Tuesday, February 25, 2014

UCSF Scientists Develop Cell Reprogramming Technique to Generate Hepatocytes for Therapeutic Use

Regenerative Medicine Research News:

The liver possesses some capacity to regenerate or heal itself after injury. When the liver is damaged beyond this capacity, a whole-liver transplant is the preferred treatment of many medical professionals, but the demand for donor livers far exceeds supply. Thus, scientists are developing regenerative medicine therapies to treat damaged livers.

Human hepatocytes have been generated in vitro from induced pluripotent stem cells (iPSC), but these cells do not adequately proliferate and function after transplantation into mouse models of liver damage for therapeutic success.

In a study published in Nature Feb 23, 2014, UCSF scientists describe how they developed an induced multipotent progenitor cell (iMPC) reprogramming technique to differentiate
human hepatocytes from human fibroblasts.
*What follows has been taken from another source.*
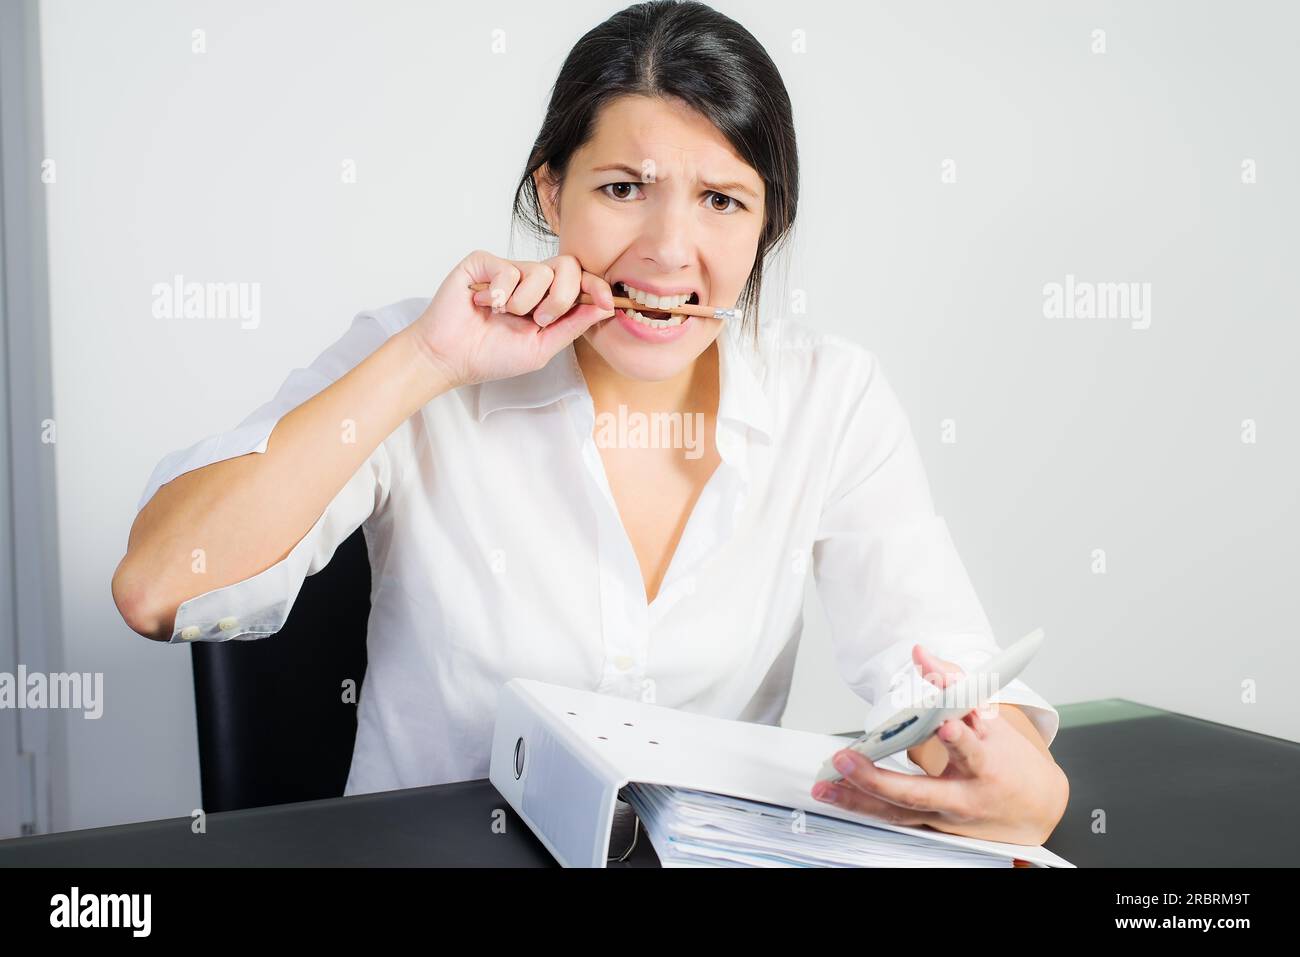 Geschäftsfrau mit einem verzweifelten Ausdruck beißen ihre Feder in Frustration, Angst oder Wut, als sie an ihrem Schreibtisch mit einem Taschenrechner in der Hand sitzt Stockfoto

Instead of allowing the cells to develop pluripotency, as occurs with iPSC techniques, the researchers differentiated the iMPC cells into endodermal progenitor cells (iMPC-EPCs) before further inducing them into hepatocytes  (iMPC-Heps).

After transplantation into mouse models of liver damage, the iMPC-Heps showed greater repopulation levels in mouse livers than studies using iPSC protocols, marking some progress towards autologous liver cell therapy.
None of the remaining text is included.